“虽然你这么说,我却并不这么认为。”
谁知宁南忧开口便否决了他的话,坚定无比的说道:“我相信江女,也信她的兄长。阿沉,我这么说,你或许会觉得我很不理智。但,我认为他们绝不会做出伤害我的事。”
“况且...我曾经多次怀疑过江氏兄妹以及水阁。可到后来,他们都用事实证明了自己的清白。我不想再用无谓的猜忌去伤害他们。”宁南忧想起从前对江呈佳做下的错事,只觉得悔不当初。
他神情忧伤,仿佛触及了什么伤怀的往事。
付沉观之,无可奈何的摇了摇头道:“罢了。你的家事,我也不便插手。你心里有数便好。”

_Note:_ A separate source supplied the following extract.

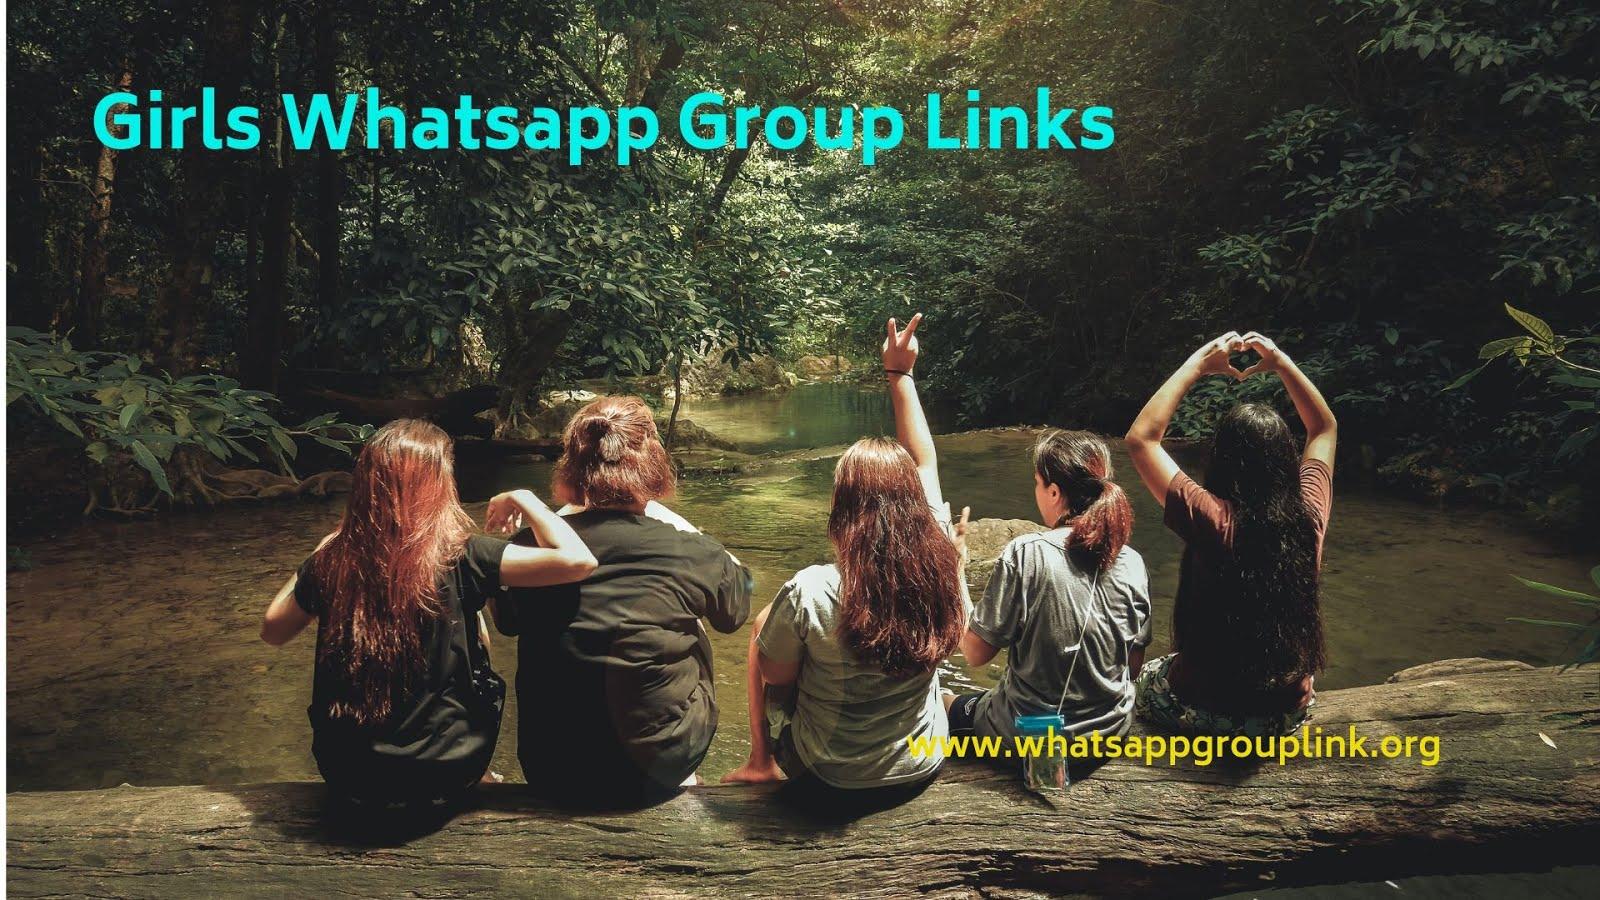 Whatsapp Group Link: Girls Whatsapp Group Links

他凭栏而靠,望着窗下的寂寞小巷,聆听杨柳枯枝叶划过地面泥墙的声音,安静了下来。
宁南忧端起案台上的热茶,抿了一口,换了个话题道:“对了...阿沉,我让你查的事怎么样了?”
付沉盯着外面的景色发呆,似乎没听见他的唤声。
宁南忧抬头朝他看去,见他一副失魂落魄的模样,便轻轻皱起眉,从团席上起身,绕过茶案,同他一起靠在红栏前,沉声问道:“从方才起,我便觉得你心里藏着什么事...可是最近发生什么了?”
付沉向他转去目光,面色孤寂道:“没什么。只是觉得,一个人呆久了,也希望像你一样,身边有个知热知冷的人陪着。我在那冷冰冰的付府住着,当真没意思的很。叔父叔母成日阴沉着脸,我那将军表兄一回家宅,便是无尽的争吵...偌大的府宅,家不像家、亲人不像亲人,各自心怀鬼胎,盘算计较着如何得利...”
提及付府中的琐碎之事,付沉便一脸厌烦。
宁南忧默默看着,心中不是滋味,于是安慰道:“怕什么?你不是还有我么?”
付沉斜眼瞥着他,笑容极其难看道:“你倒是会说。可现在,我们一个月能见几次?还不如小时候。”
他这话说的,活像一个被情郎抛弃的怨妇,逗得宁南忧啼笑皆非。
“纵然,我这一生,有你这样的知己,可你身边,不是已经出现了可以与你共度一生的佳人么?我总不能自私的将你拘在身边,一直陪着我吧?”付沉说着玩笑话,勾起笑容,看似在打趣,实则心酸苦涩。
宁南忧落下眸子,盯着街口的枯树,沉默不语。